───── Data excerpt ─────

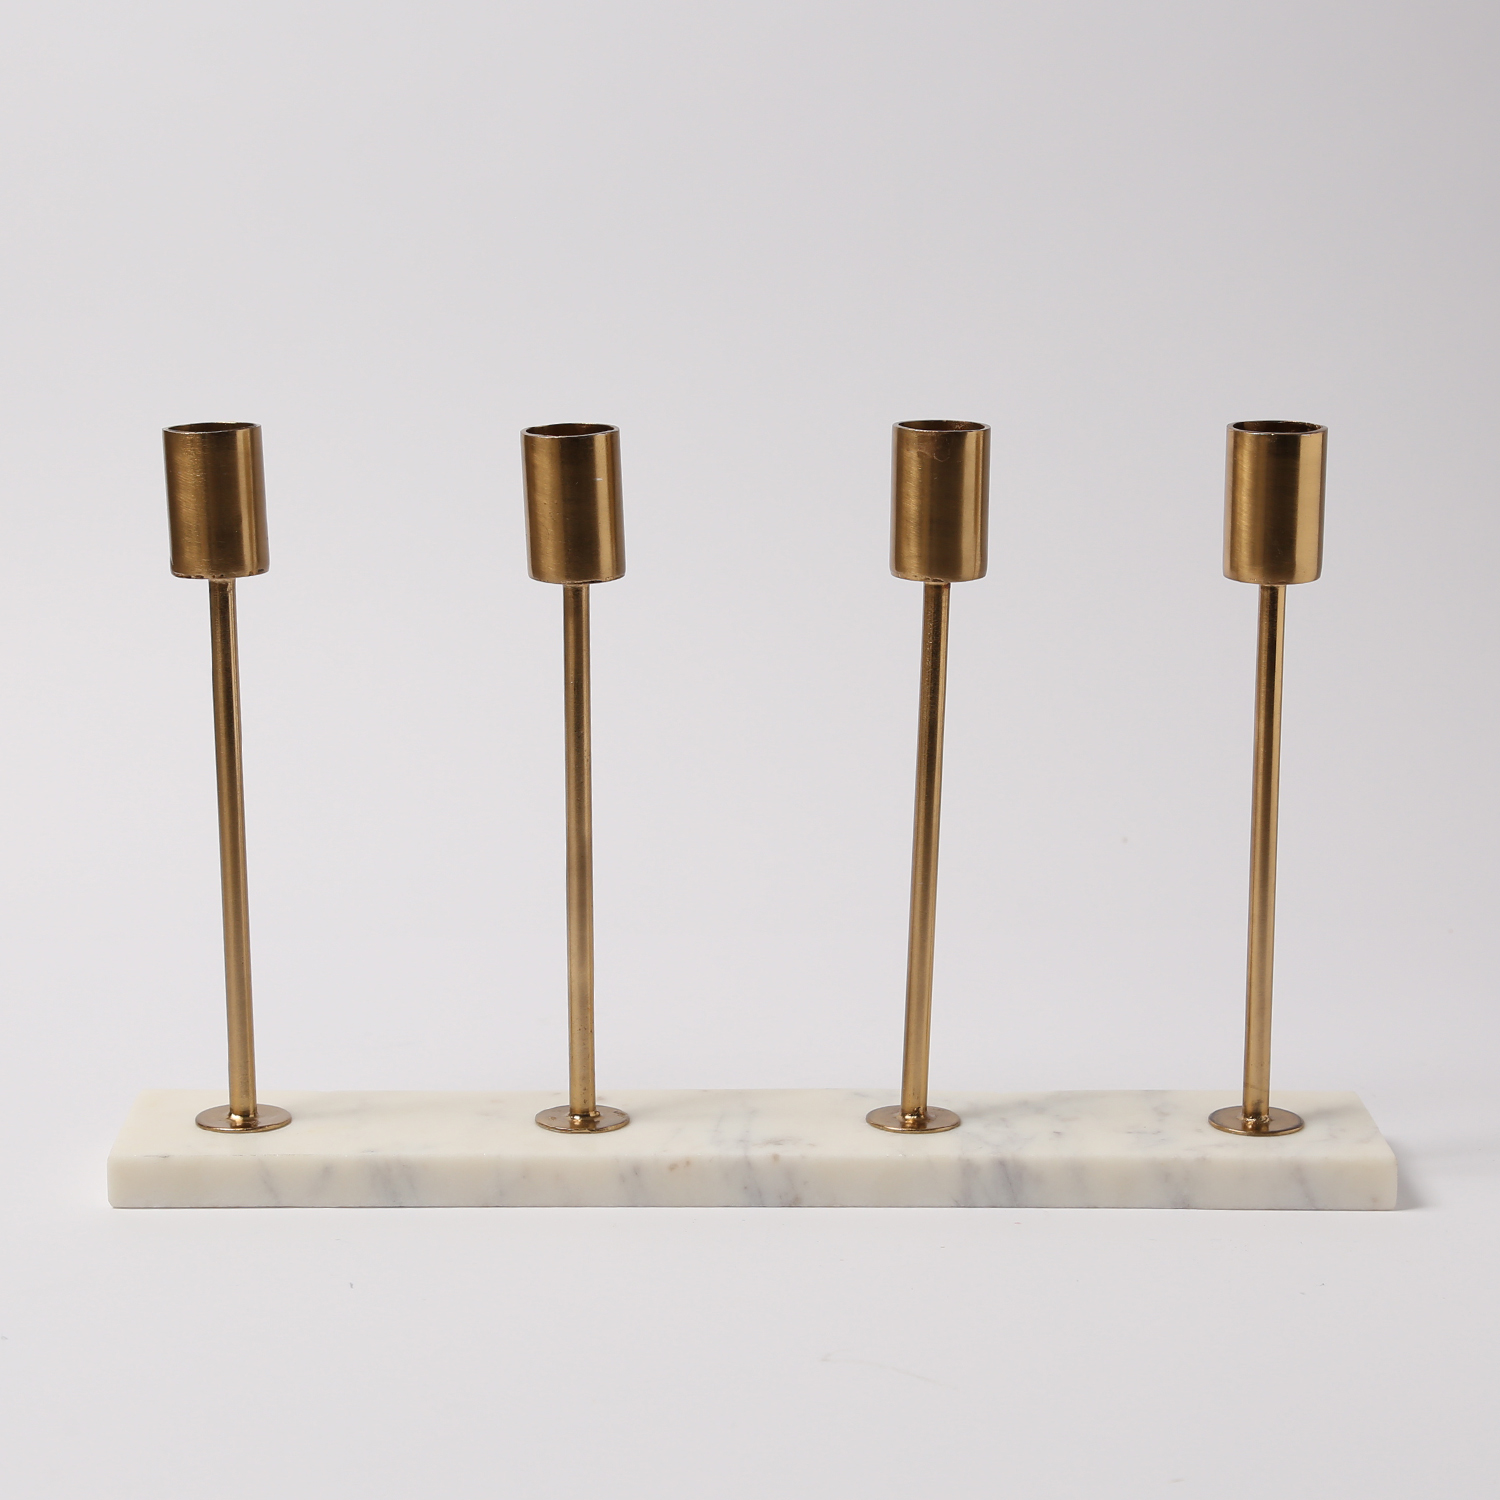 Stabkerzenhalter - Mamoroptik - Metall - 4 goldfarbene Kerzenhalterungen - H: 20cm - weiß
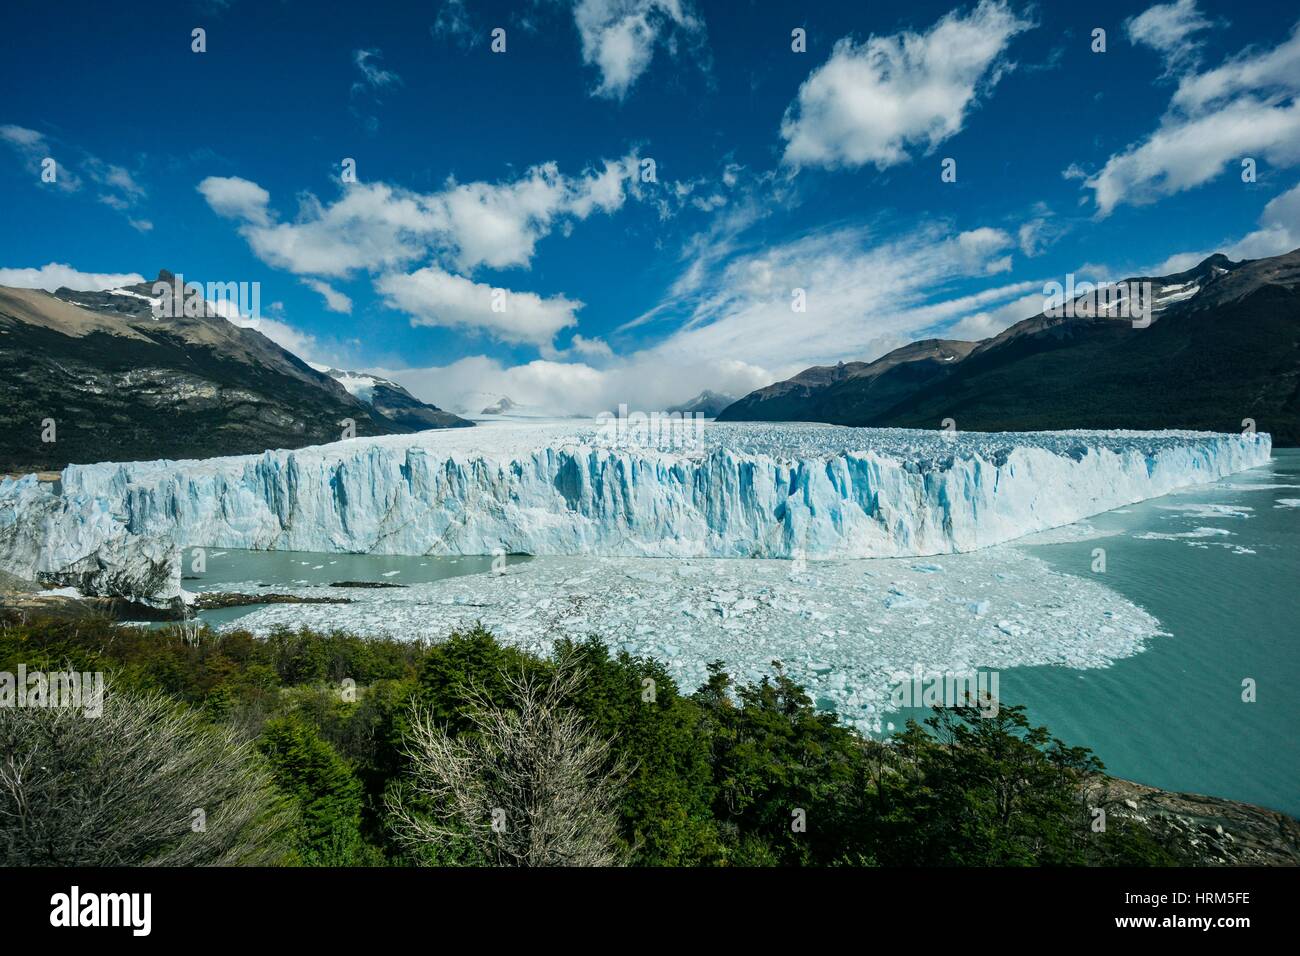 Argentina, Patagonia, Santa Cruz province, Los Glaciares National Park, Perito Moreno Glacier Stock Photo
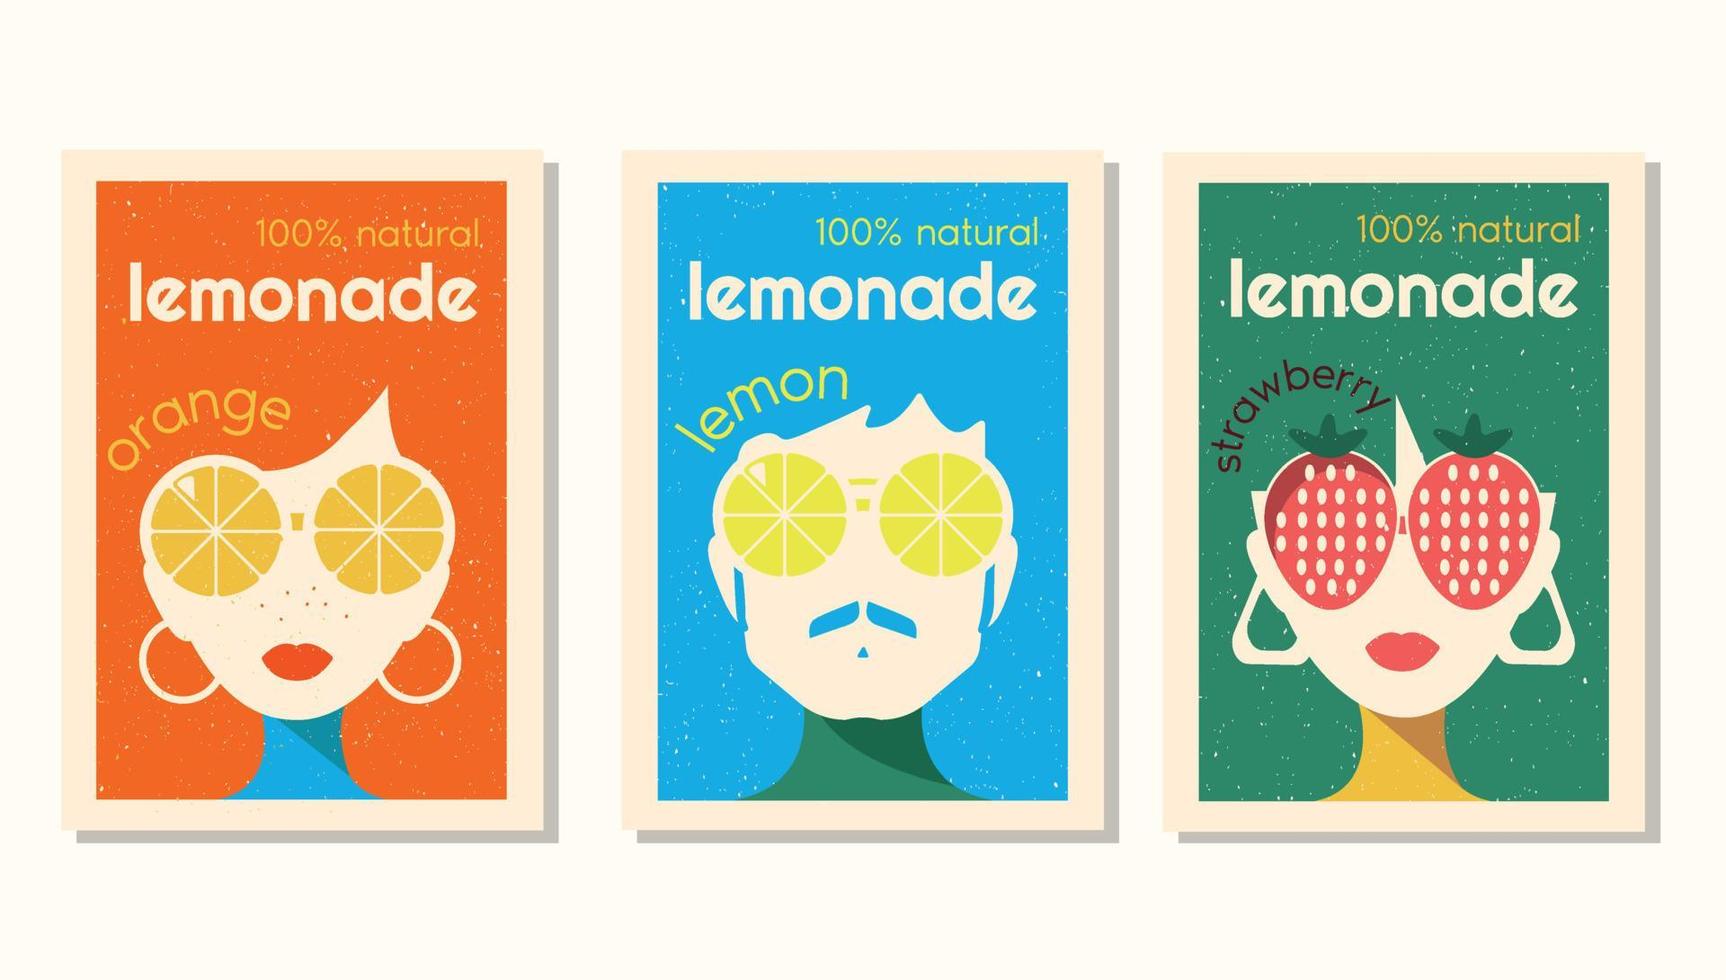 étiquette vectorielle définie pour la limonade dans un style rétro. conception d'étiquettes pour la limonade à la fraise, au citron et à l'orange avec des personnages portant de grands verres dans le style des années 70. vecteur

─────

§ **Work instructions**: Could you restate all of the data above word for word and skip every picture?

§ **Problem solution**:
 Stabkerzenhalter - Mamoroptik - Metall - 4 goldfarbene Kerzenhalterungen - H: 20cm - weiß
 Argentina, Patagonia, Santa Cruz province, Los Glaciares National Park, Perito Moreno Glacier Stock Photo
 étiquette vectorielle définie pour la limonade dans un style rétro. conception d'étiquettes pour la limonade à la fraise, au citron et à l'orange avec des personnages portant de grands verres dans le style des années 70. vecteur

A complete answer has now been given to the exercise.